The Flavors of DevOps
DevOps deployments provides compelling advantages in agility. The key to a successful deployment depends on the approach of DevOps you choose.
It’s tempting for traditional companies to look toward DevOps as a method for improving agility, however, almost like the private / public cloud argument, the DevOps is not about technical capability. Successful DevOps is an organizational challenge.
We have divided DevOps into three categories:
- Developer-driven.
- Operations-driven.
- Platform 2.5 type of environment.
1: Developer-driven DevOps:
A developer-driven operation is the DevOps example that gets the maximum attention. It is also referred as infrastructure as code. As a technology-focused organization, Netflix is the best example of a DevOps culture. The application developer holds the infrastructure more specifically, the management plane of the application dictates the infrastructure.
Applications are designed to continue executing even if the underlying infrastructure fails. If a virtual machine hosting an application frontend fails, the management plane of the application just starts another instance. If the object-store hosting the configuration state of the application fails, the application management plane swaps to a redundant data source.
Infrastructure-dependent development:
In legacy infrastructures, developers are clients of the infrastructure team. Infrastructure teams provide highly available infrastructures that developers code applications that ignore the underlying infrastructure. Instead of creating an infrastructure control plane inside the application, developers code in the individual operating system (OS). The infrastructure team ensures that operating system relies on highly resilient infrastructure. Application availability depends upon highly redundant infrastructure managed by the infrastructure group.
The gap in application design approaches reveal the challenge of moving to a developer-driven model of DevOps. Now a days, the huge majority of enterprise applications are designed for traditional infrastructures. There are minimum application requirements for developer-driven DevOps in the traditional enterprise. There are even less developers that understand infrastructure well enough to deploy an application that controls a greenfield infrastructure.
2: Operations-driven DevOps:
An operations-driven model of DevOps is the infrastructure that acquires development tools to manage the infrastructure. Traditional operation teams adopt development skills and implement automation / configuration management tools such as Puppet, Chef, and Ansible. Sample use cases for these tools have management configuration of networks and automating server builds.
While this is a drastic improvement over manually configuring the infrastructure, it’s a far cry from the developer-driven infrastructure that powers Netflix. The operations teams take charge of a developer mindset and as a result better understands the development mindset. However, the goal is the elimination of limits between an idea and execution. Operations-driven DevOps doesn’t usually eradicate the barrier between the developer and the infrastructure.
3: Platform 2.5 environment:
While looking at DevOps, the objective is to improve agility. An approach that has been getting momentum is a Platform 2.5 type of environment. From a technology perspective, this can be data centers segmenting a section of the infrastructure that enables developer-driven DevOps. From a practical perspective, this can be as simple as giving developers infrastructures based on Docker containers, developers can use the Docker APIs to develop and manage applications. Developers can build Platform 3.0 applications that hold a subset of the infrastructure. Ultimately, the infrastructure team hold the underlying infrastructure.

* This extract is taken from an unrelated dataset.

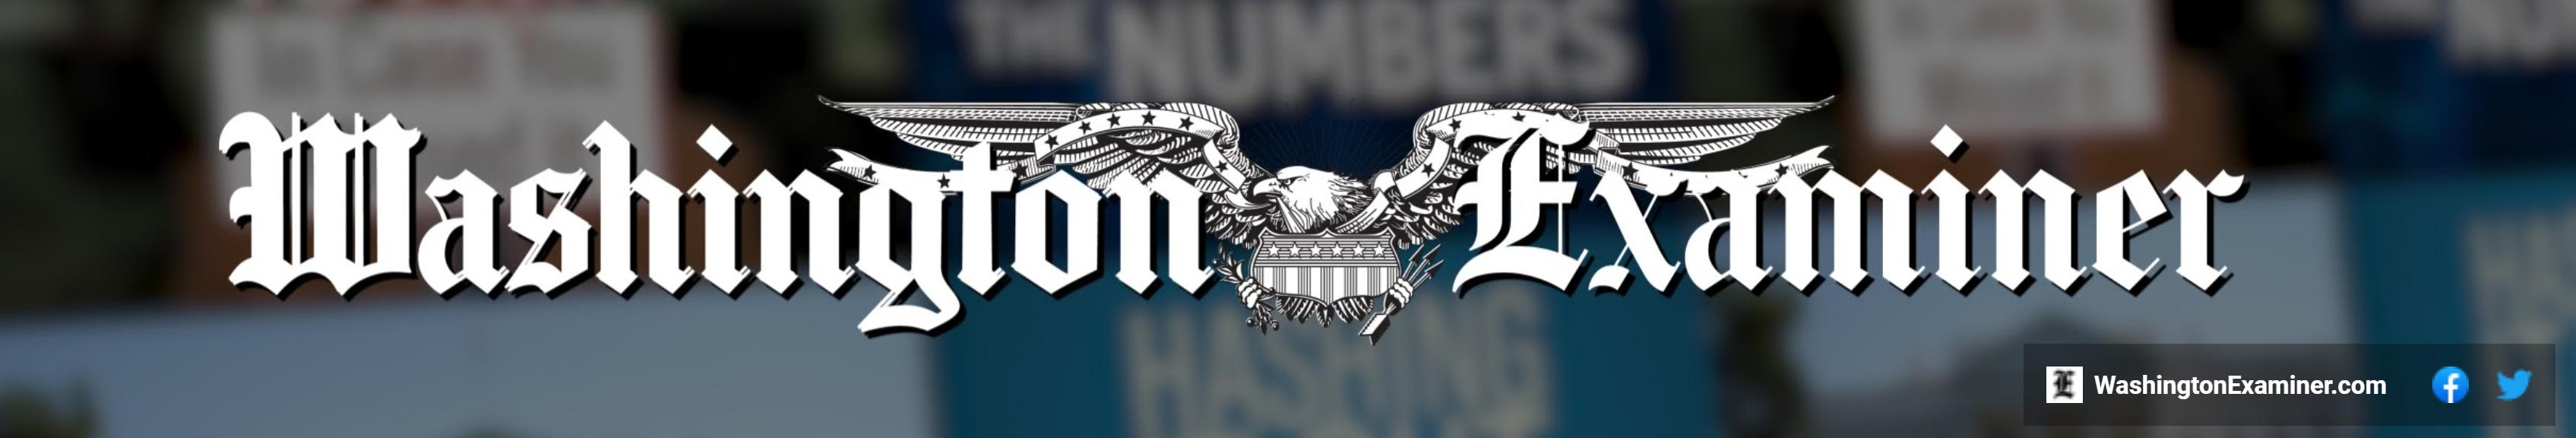 Byron York's Daily Memo: The FBI, the Michigan kidnap plot, and January 6

Some of the challenges with this type of environment are ensuring capacity management of the underlying infrastructure and performance monitoring and troubleshooting. Additionally, it’s a safe environment to experiment with an updated operating model. As companies work their way through operating issues, the lines between companies begin to blur. For those desiring a developer-focused and driven infrastructure, it’s a way forward without disturbing existing operations.
Conclusion:
We have yet to see a large non-tech focused enterprise transform their whole operations to a developer-driven infrastructure. We still question if it’s the right operating model. While Netflix has proved that it can organize its infrastructure at scale using the method, we don’t know if there’s enough talent in the industry to sustain this model.